Ist die Geflügelpest bei einem Wildvogel amtlich festgestellt, so legt die zuständige Behörde gemäß § 55 Abs. 1 der Geflügelpest-Verordnung das Gebiet um den Fundort mit einem Radius vom mindestens drei Kilometern als Sperrbezirk sowie mindestens zehn Kilometern als Beobachtungsgebiet um den Fundort fest.

Die dazu durchgeführte Risikobewertung gem. § 55 Abs. 3 der Geflügelpest-Verordnung lässt kein anderes Ergebnis als die Festlegung der vorgenannten Restriktionszonen mit den jeweiligen Maßregelungen zu.

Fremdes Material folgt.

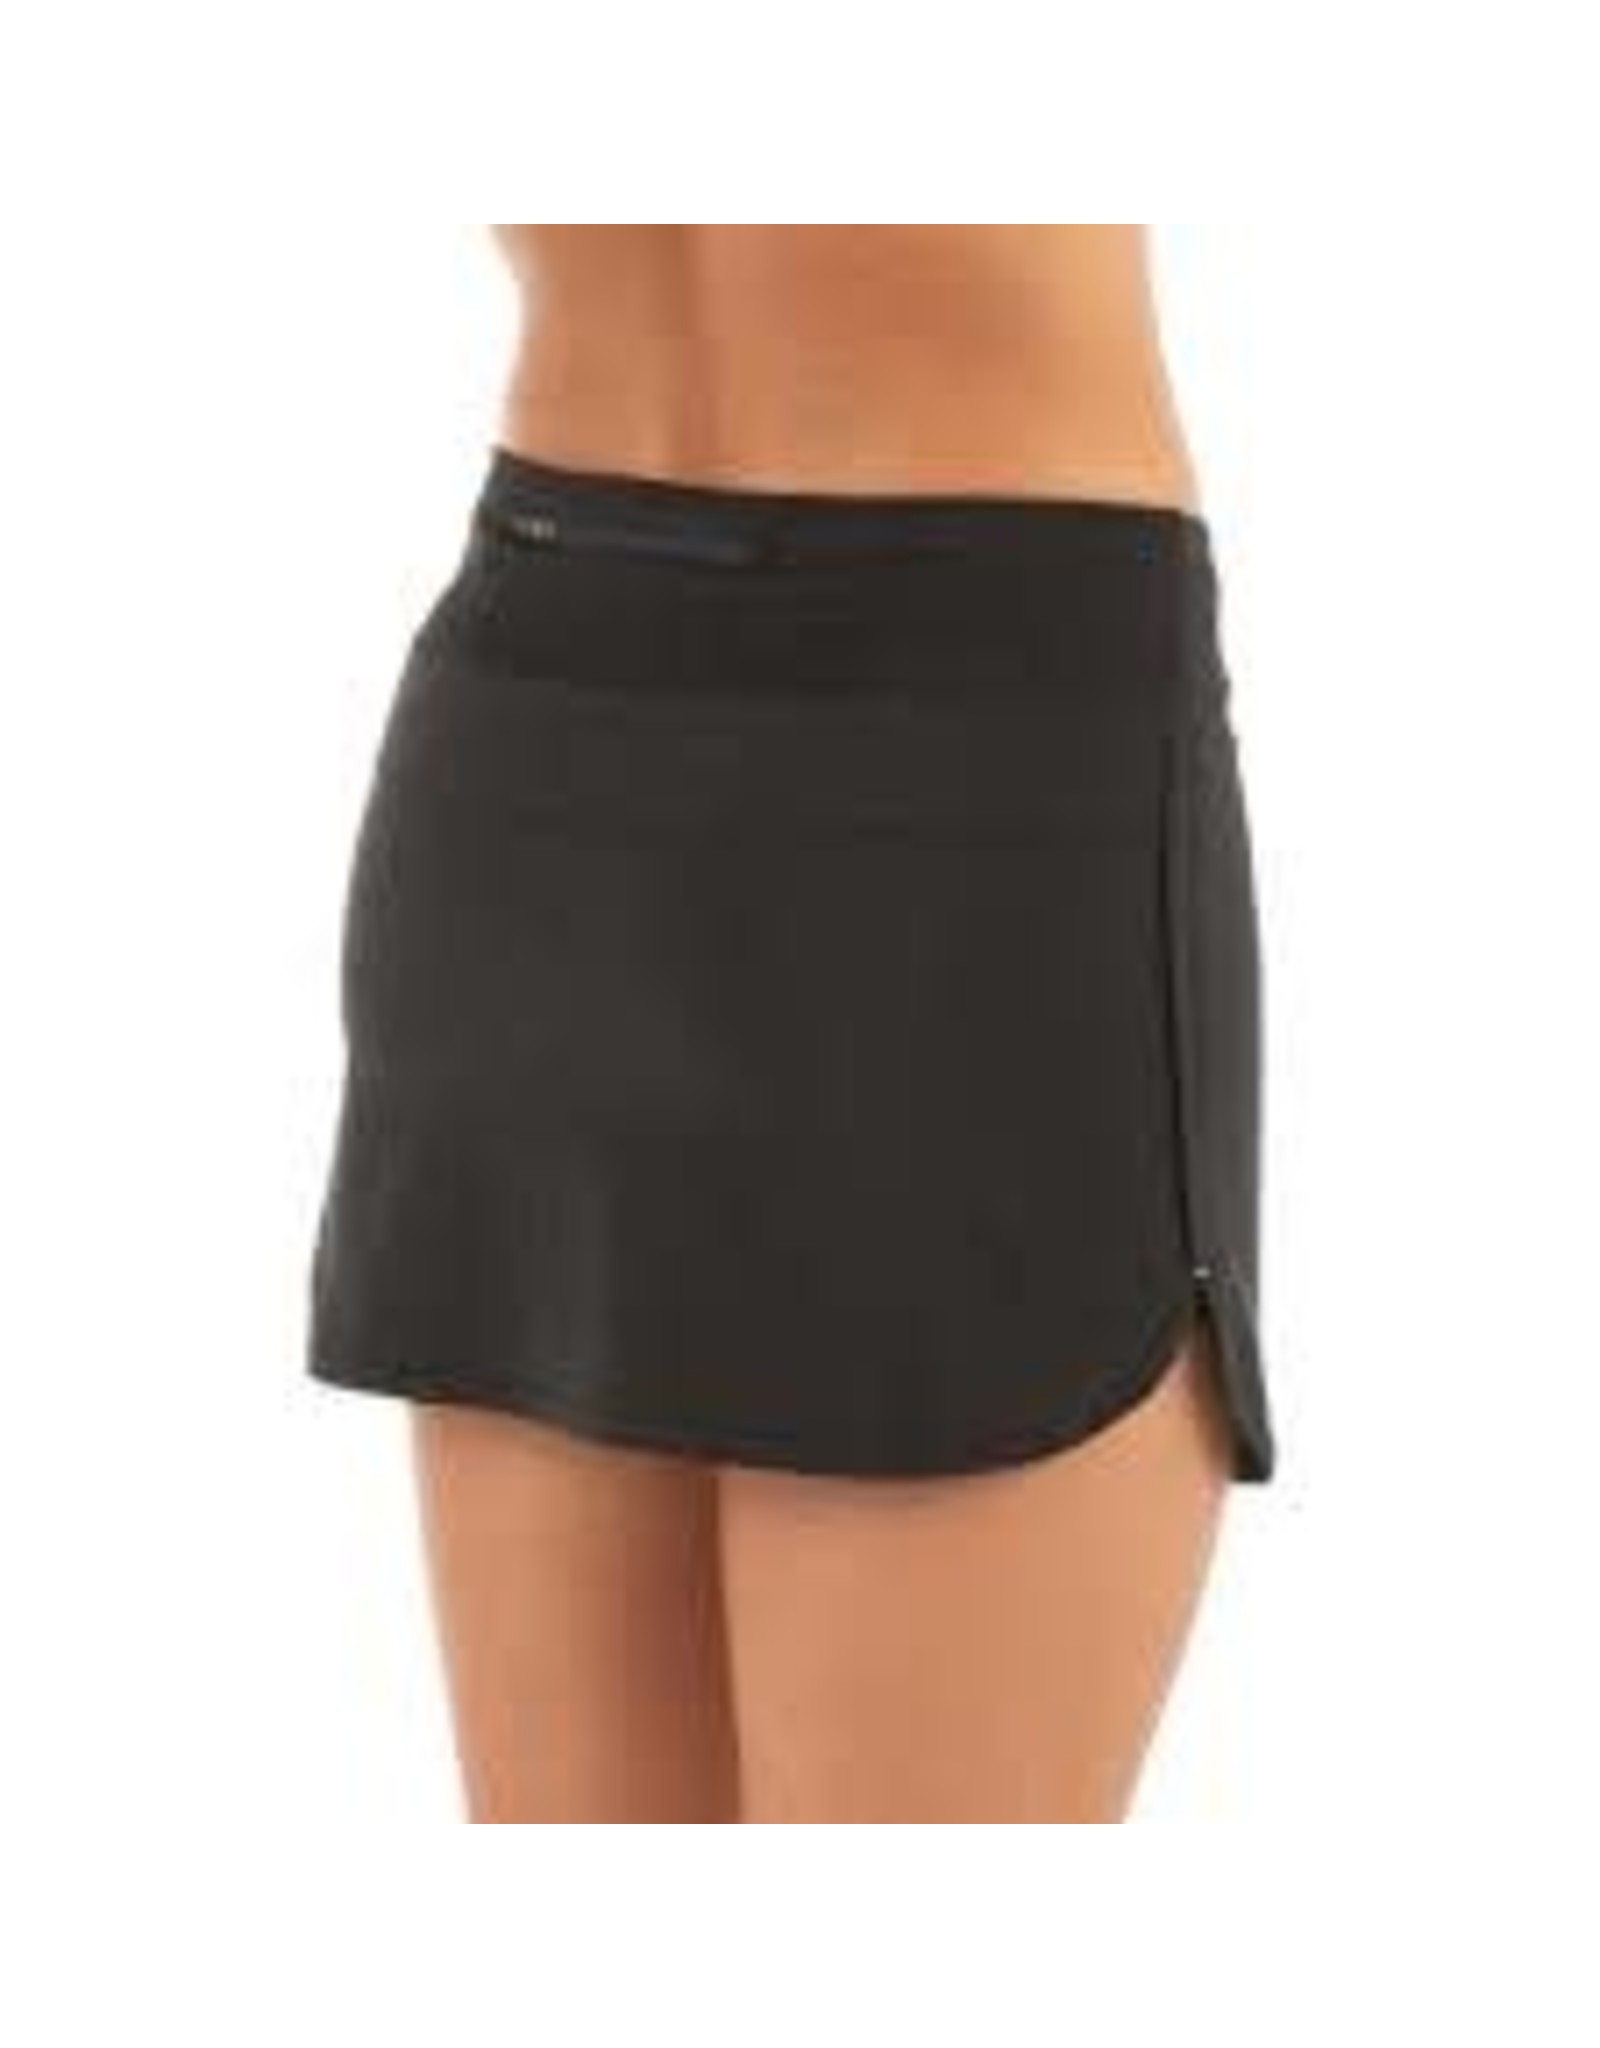 Free Fly Apparel Womens Bamboo-Lined Breeze Skort (Black)

Aufgrund des in ganz Deutschland und darüber hinaus derzeit völlig unkontrolliert voranschreitenden Seuchengeschehens und der sich damit täglich verändernden Sachlage wird es im Sinne einer effektiven Seuchenbekämpfung für erforderlich gehalten, einzelne vorgenannte Maßregelungen und deren Dauer gestützt auf § 65 Geflügelpest-Verordnung weitergehend zu regeln, um insbesondere eine mögliche Einschleppung und/oder Weiterverschleppung der Erreger der Geflügelpest auch in Bestände an gehaltenen Vögeln bestmöglich zu minimieren.

Rechtsbehelfsbelehrung

Gegen diesen Bescheid kann innerhalb eines Monats nach seiner Bekanntgabe Widerspruch erhoben werden. Der Widerspruch ist schriftlich oder zur Niederschrift beim Bezirksamt Neukölln von Berlin –Ordnungsamt-, Karl-Marx-Straße 83, 12040 Berlin oder in elektronischer Form mit einer qualifizierten elektronischen Signatur im Sinne des Signaturgesetzes versehen an die Email-Adresse zu erheben. Es wird darauf hingewiesen, dass bei schriftlicher Einlegung des Widerspruchs die Widerspruchsfrist nur dann gewahrt ist, wenn der Widerspruch innerhalb dieser Frist eingegangen ist.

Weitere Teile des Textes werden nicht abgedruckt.